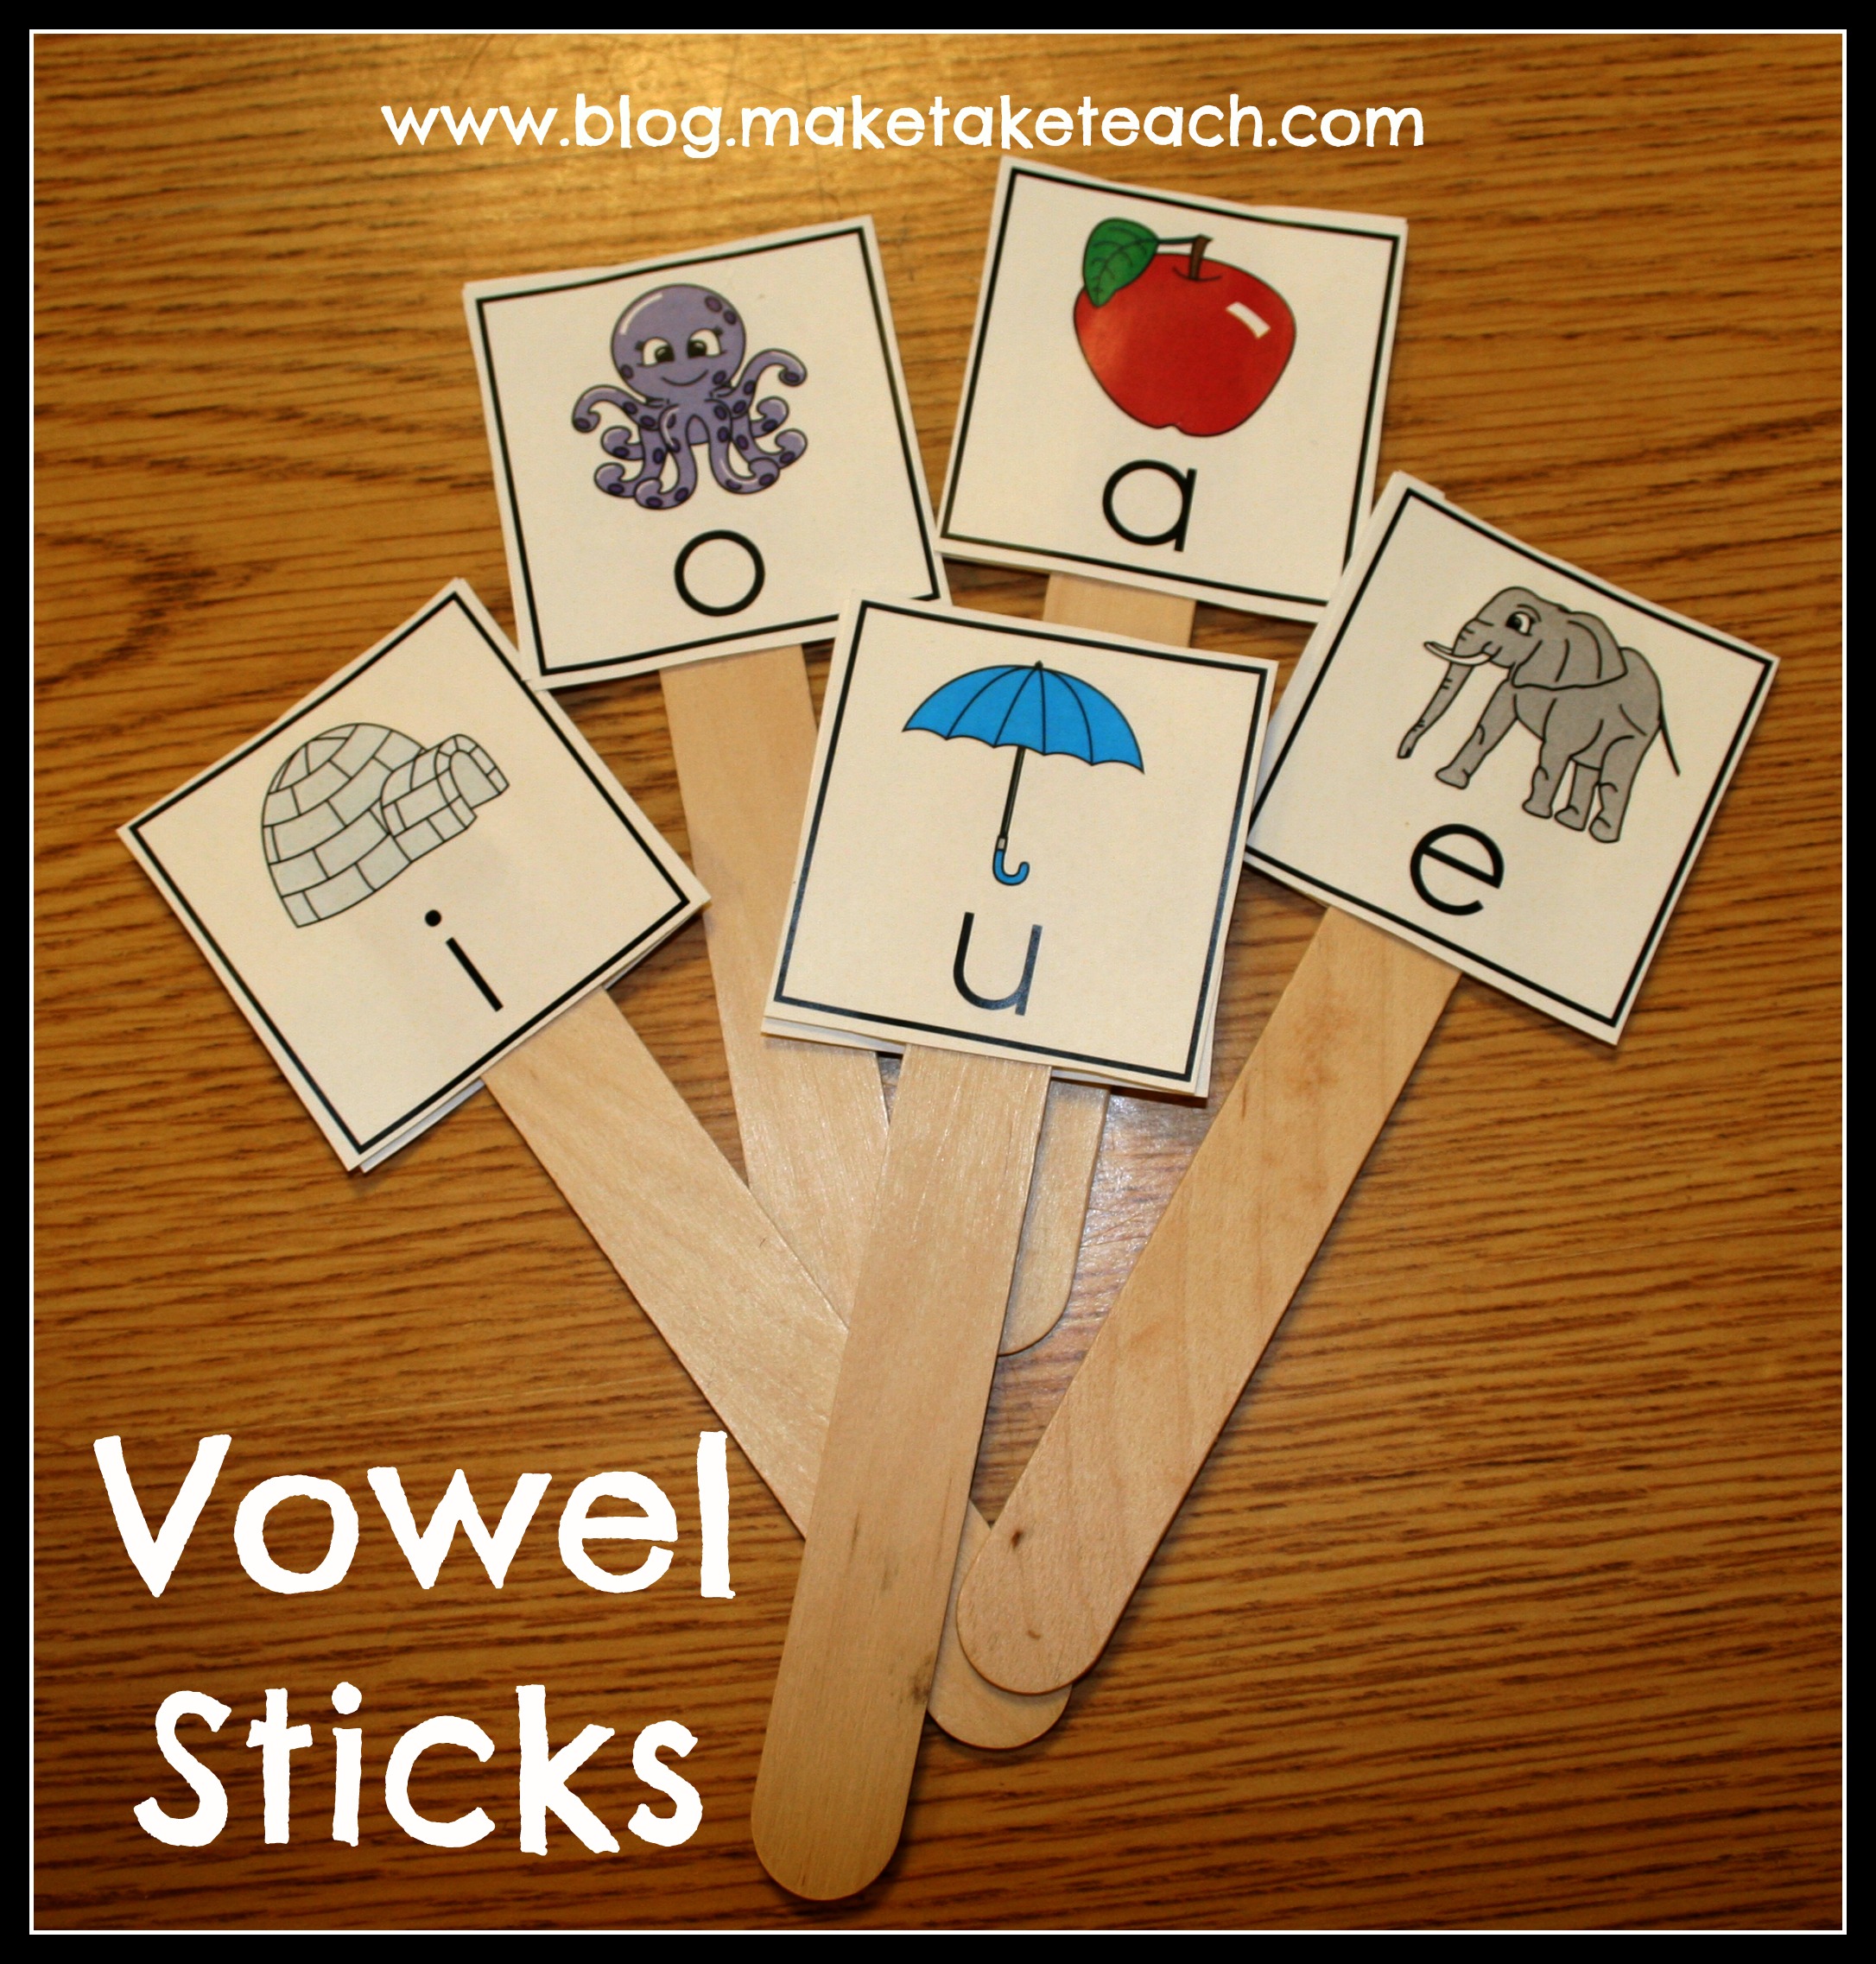 What makes a vowel a vowel - vilspecialist
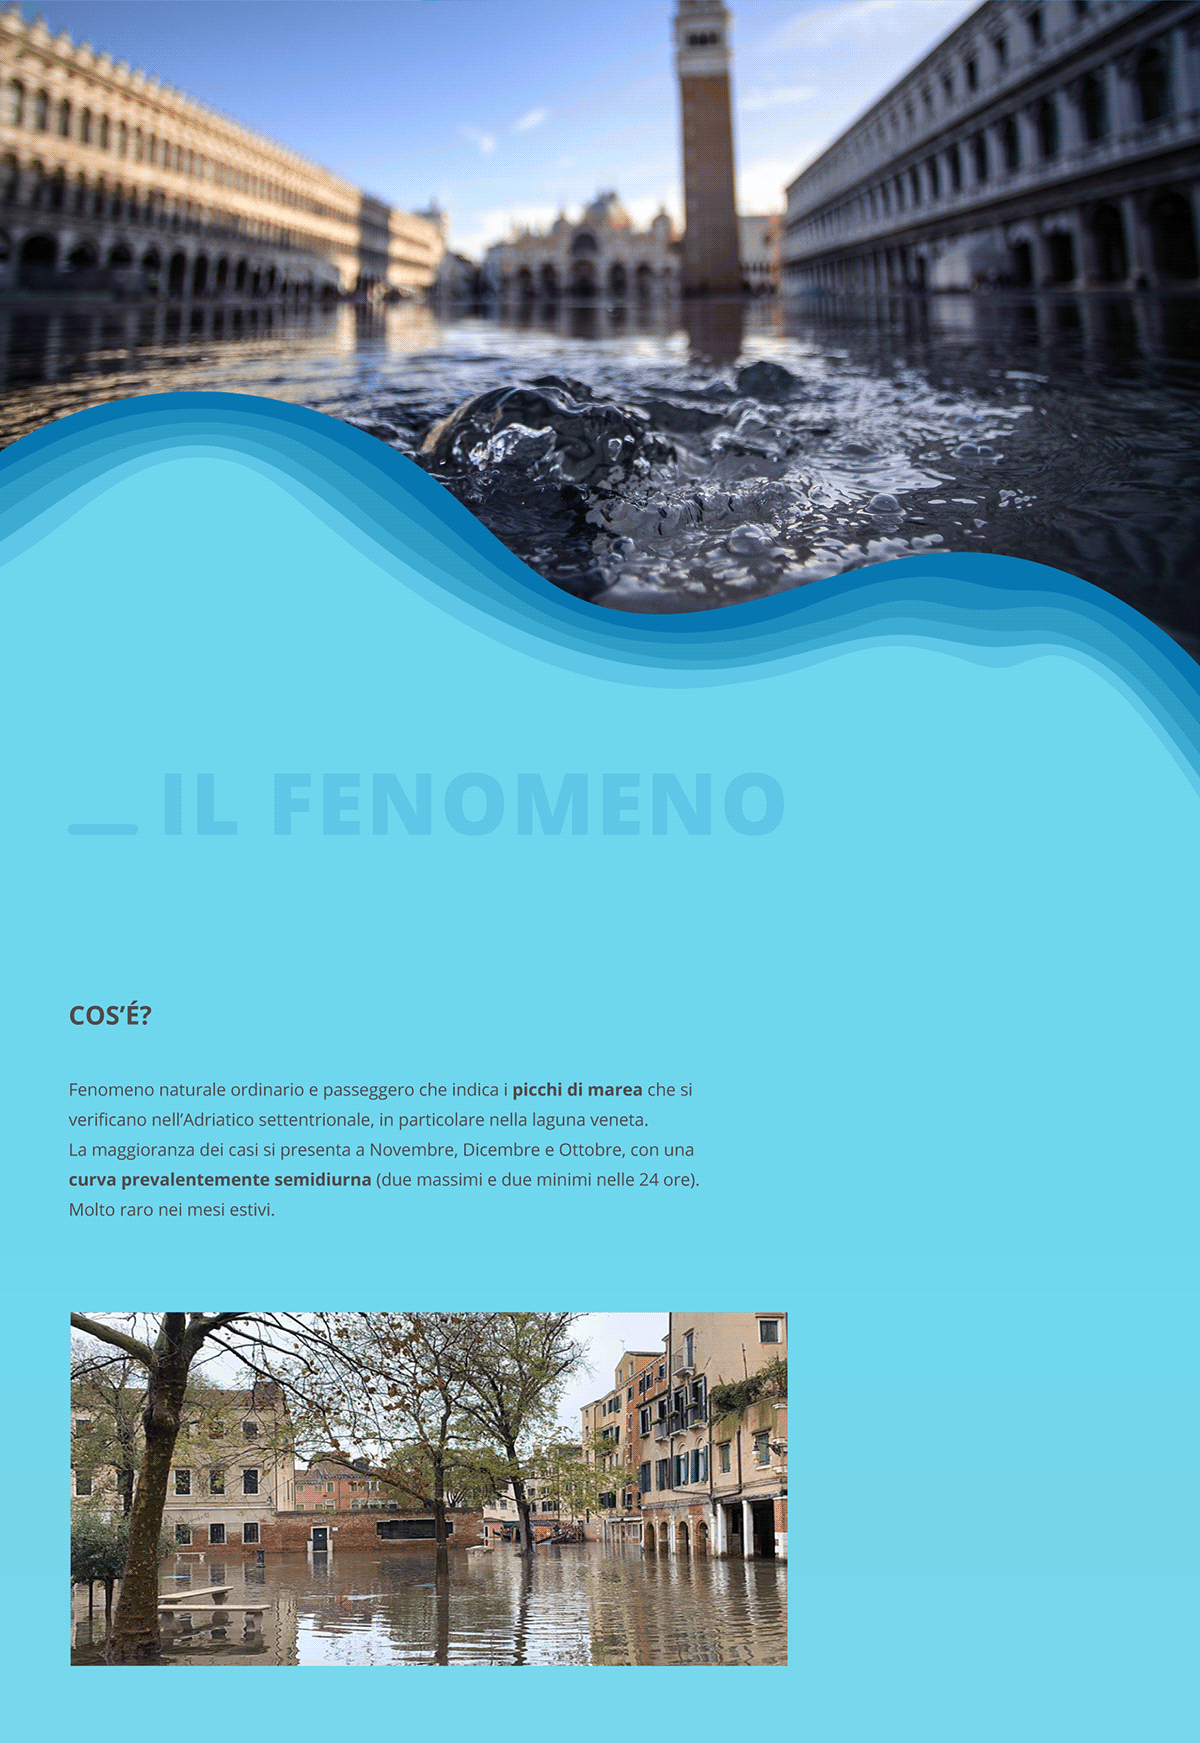 acqua alta applicazione flat ILLUSTRATION  mobile UI ux venezia Venice Web Design 
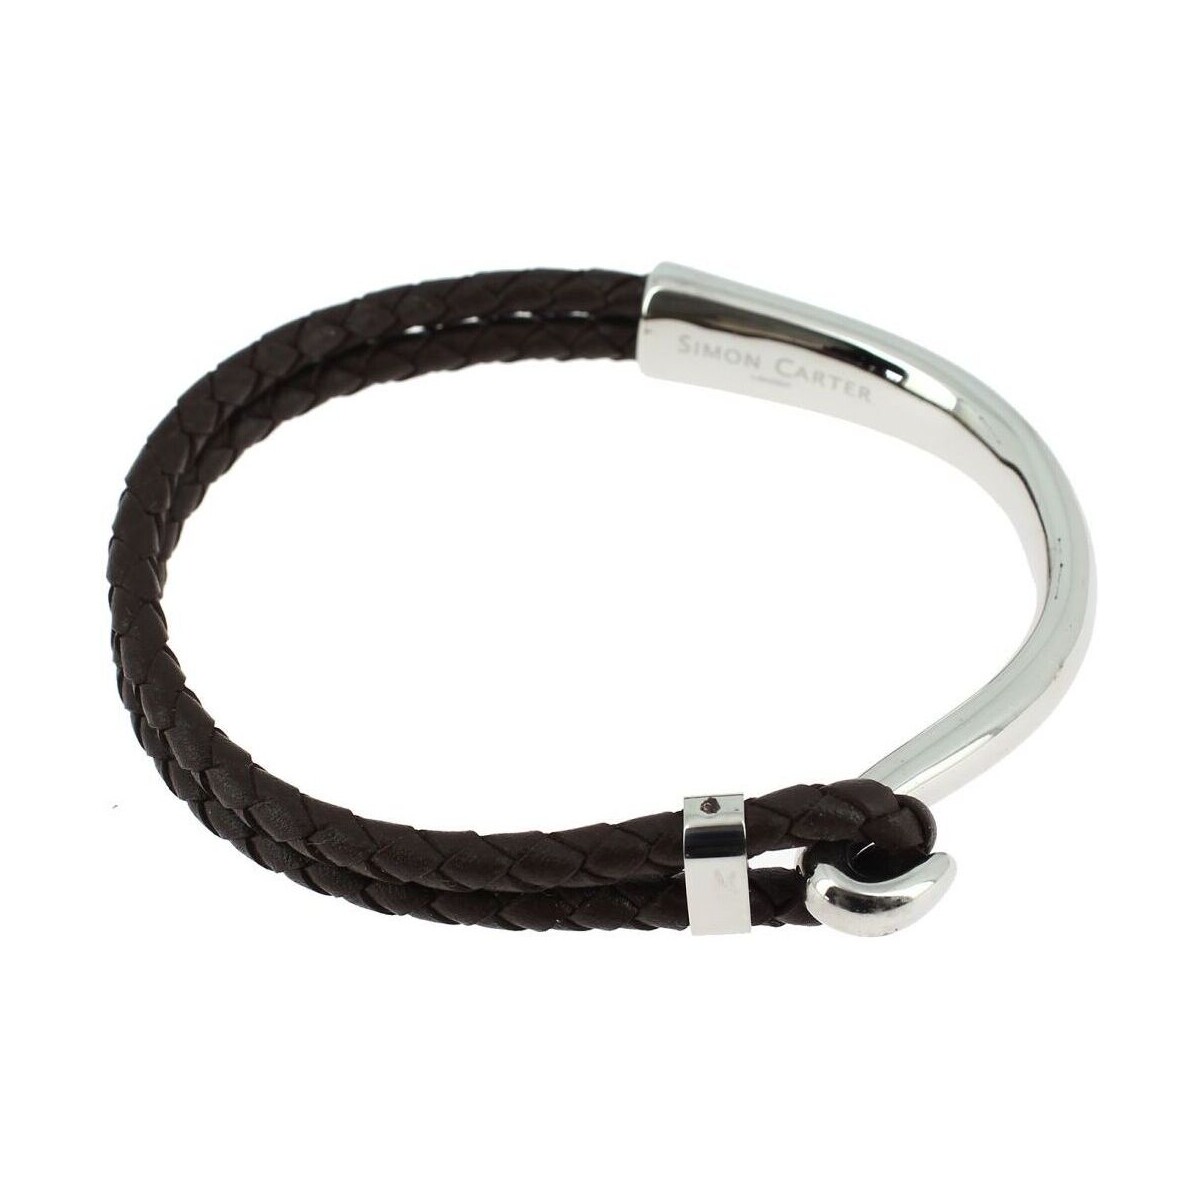 Lustres / suspensions et plafonniers Bracelets Simon Carter Bracelet CROCHET Marron

###

## About this exercise:
Every line from the one with "acqua alta applicazione" through the end of the material above should be restated word for word, with the pictures left out.

## Finished task:
 acqua alta applicazione flat ILLUSTRATION  mobile UI ux venezia Venice Web Design 
 Lustres / suspensions et plafonniers Bracelets Simon Carter Bracelet CROCHET Marron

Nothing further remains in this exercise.